Williams, the oldest player in the women’s draw at 36, will next play China’s Duan Yingying, who beat American Varvara Lepchenko.

“I love being here and playing here,” said the American veteran. “I played an opponent who didn’t make it easy. It was a battle.

“Today was a good day, a little less hot first thing in the morning, so it was good to get it in, you know, and have a win early.”

Williams retired from the warm-up Auckland Classic this month with a sore arm, and she said she was pulling out of the Melbourne doubles with sister Serena as a precaution.

“I’m managing it. I was hoping to have the capacity to play both events here, but at this point I just need to be careful and just try to maintain myself,” she said.

The draw has opened up for Williams with fourth seed Simona Halep, whom she was scheduled to meet in the fourth round, already out.

In her 17th Australian Open, the most among active players together with Serena, Williams quickly raced to a 3-0 lead against Voegele, using her powerful groundstrokes to good effect.

But the Swiss 26-year-old was up for a fight on Rod Laver Arena and she broke back with a crisp backhand down the line, then held serve to haul herself back into contention.

Jolted, Williams knuckled down and broke again in the ninth game to comfortably take the set.

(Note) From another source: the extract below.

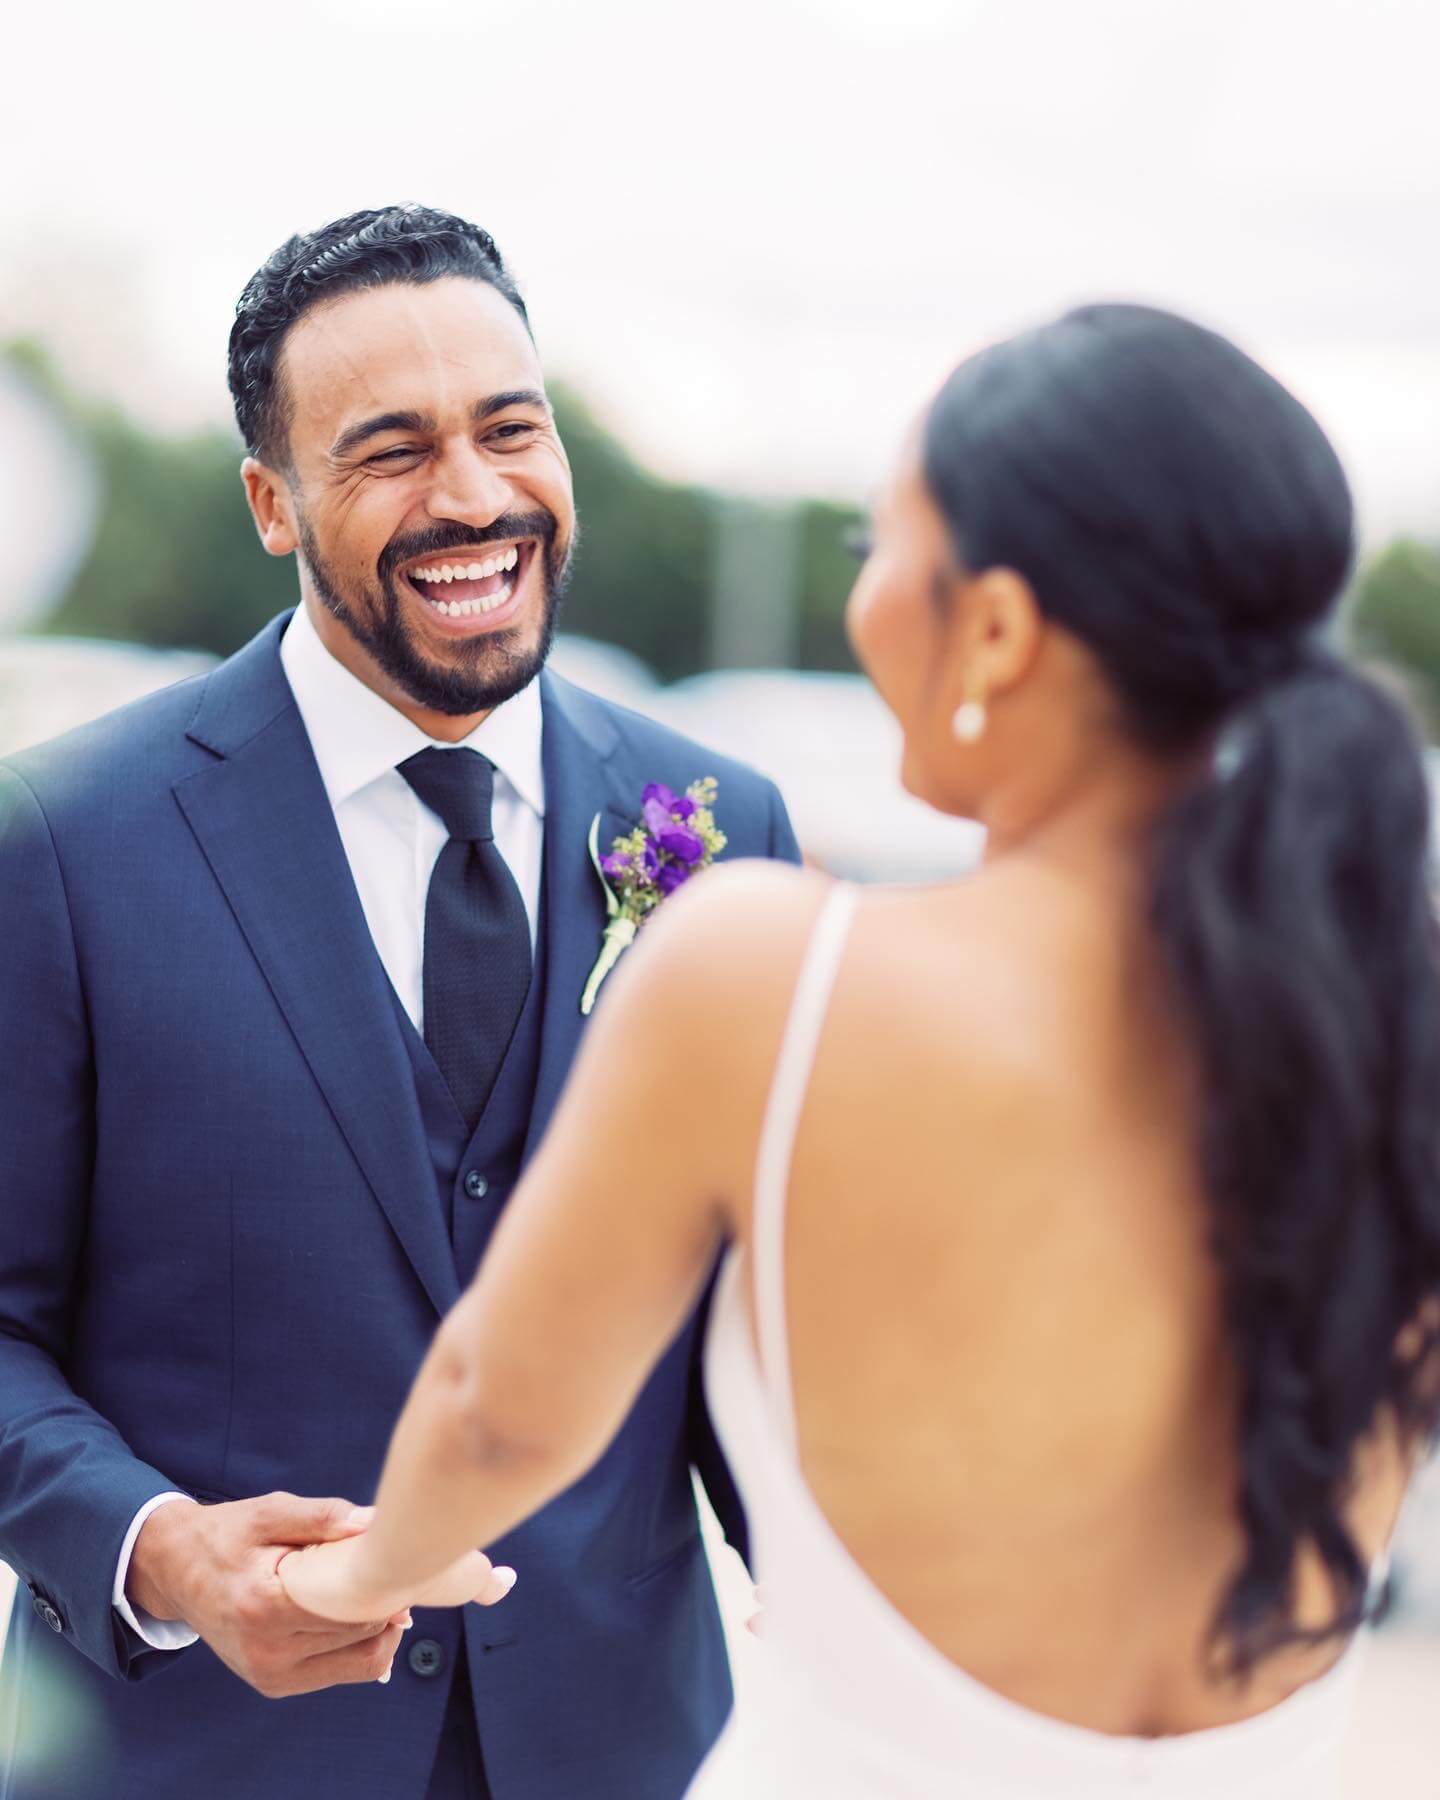 Grooms sweet reaction at first look

It went with serve until the composed seven-time Grand Slam champion seized her opportunity in the fourth game, capitalising on errors to break and go 3-1 in front.

The American, who played her first Australian Open in 1998, was in cruise control and wrapped up the match with a pinpoint backhand in 83 minutes.

She admitted she knew nothing about her next opponent, China’s Duan.

“I have never seen her play. Zero, like zero,” she said. “So I’m going to have to see how it goes.”